Saturday, August 17, 2019

The Shape Shifter by Tony Hillerman

(pb; 2006: eighteenth book in the Navajo Tribal Police/Leaphorn and Chee series)

From the back cover

“Retirement has never sat well with former Navajo Tribal Policeman Lieutenant Joe Leaphorn. Now the ghosts of a still-unsolved case are returning to haunt him, reawakened by a photograph in a magazine spread of a one-of-a-kind Navajo rug, a priceless work of woven art that was supposedly destroyed in a suspicious fire many years earlier. The rug, commemorating one of the darkest and most terrible chapters in American history, was always said to be cursed, and now the friend who brought to Leaphorn’s attention has mysteriously gone missing.

“With newly wedded officers Jim Chee and Bernie Manuelito just back fromt heir honeymoon, the legendary ex-lawman is one his own to pick up the threads of a crime he’d once thought impossible to untangle.

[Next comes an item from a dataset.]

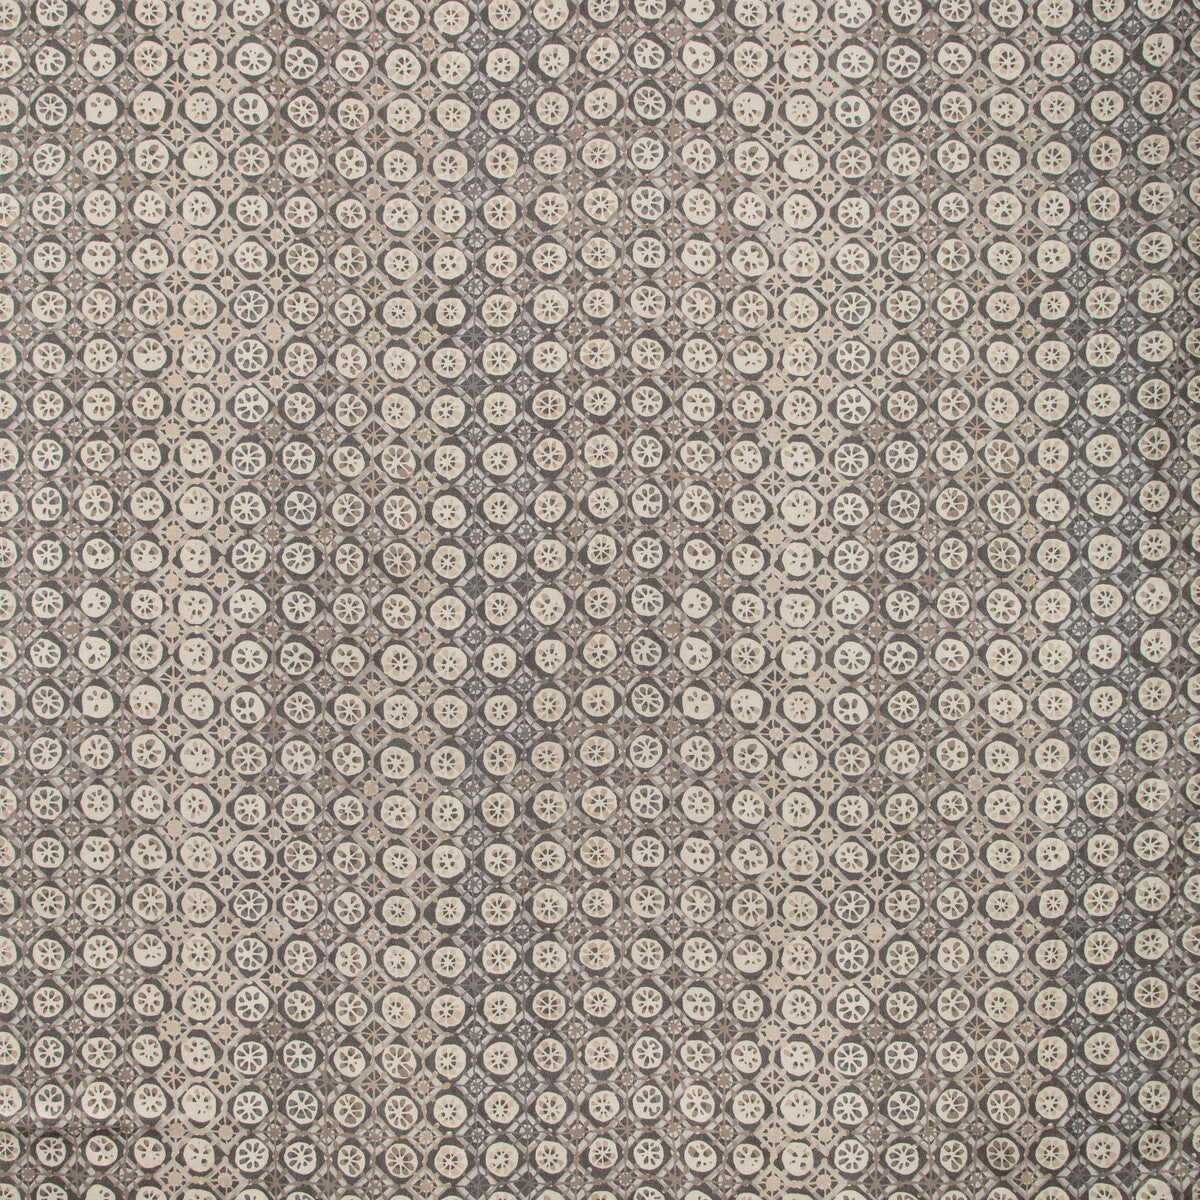 Procida fabric in pewter color - pattern PROCIDA.21.0 - by Kravet Couture in the Modern Colors-Sojourn Collection collection

And they’re leading him back into a world of lethal greed, shifting truths, and changing faces, where a cold-blooded killer still resides.”


Review

Steeped in Native American myths and legends, Shape is a good, steady-pace cop procedural with interesting multicultural characters, myth- and legend-infused action and characterization and a suspenseful climax. The identity of the villain is easy to figure out but in Shape it is not a criticism because Leaphorn’s journey and the multicultural stories he hears and tells are more important than the mystery aspect of the novel. This is worth reading and owning, if the above back cover description and this review interest you.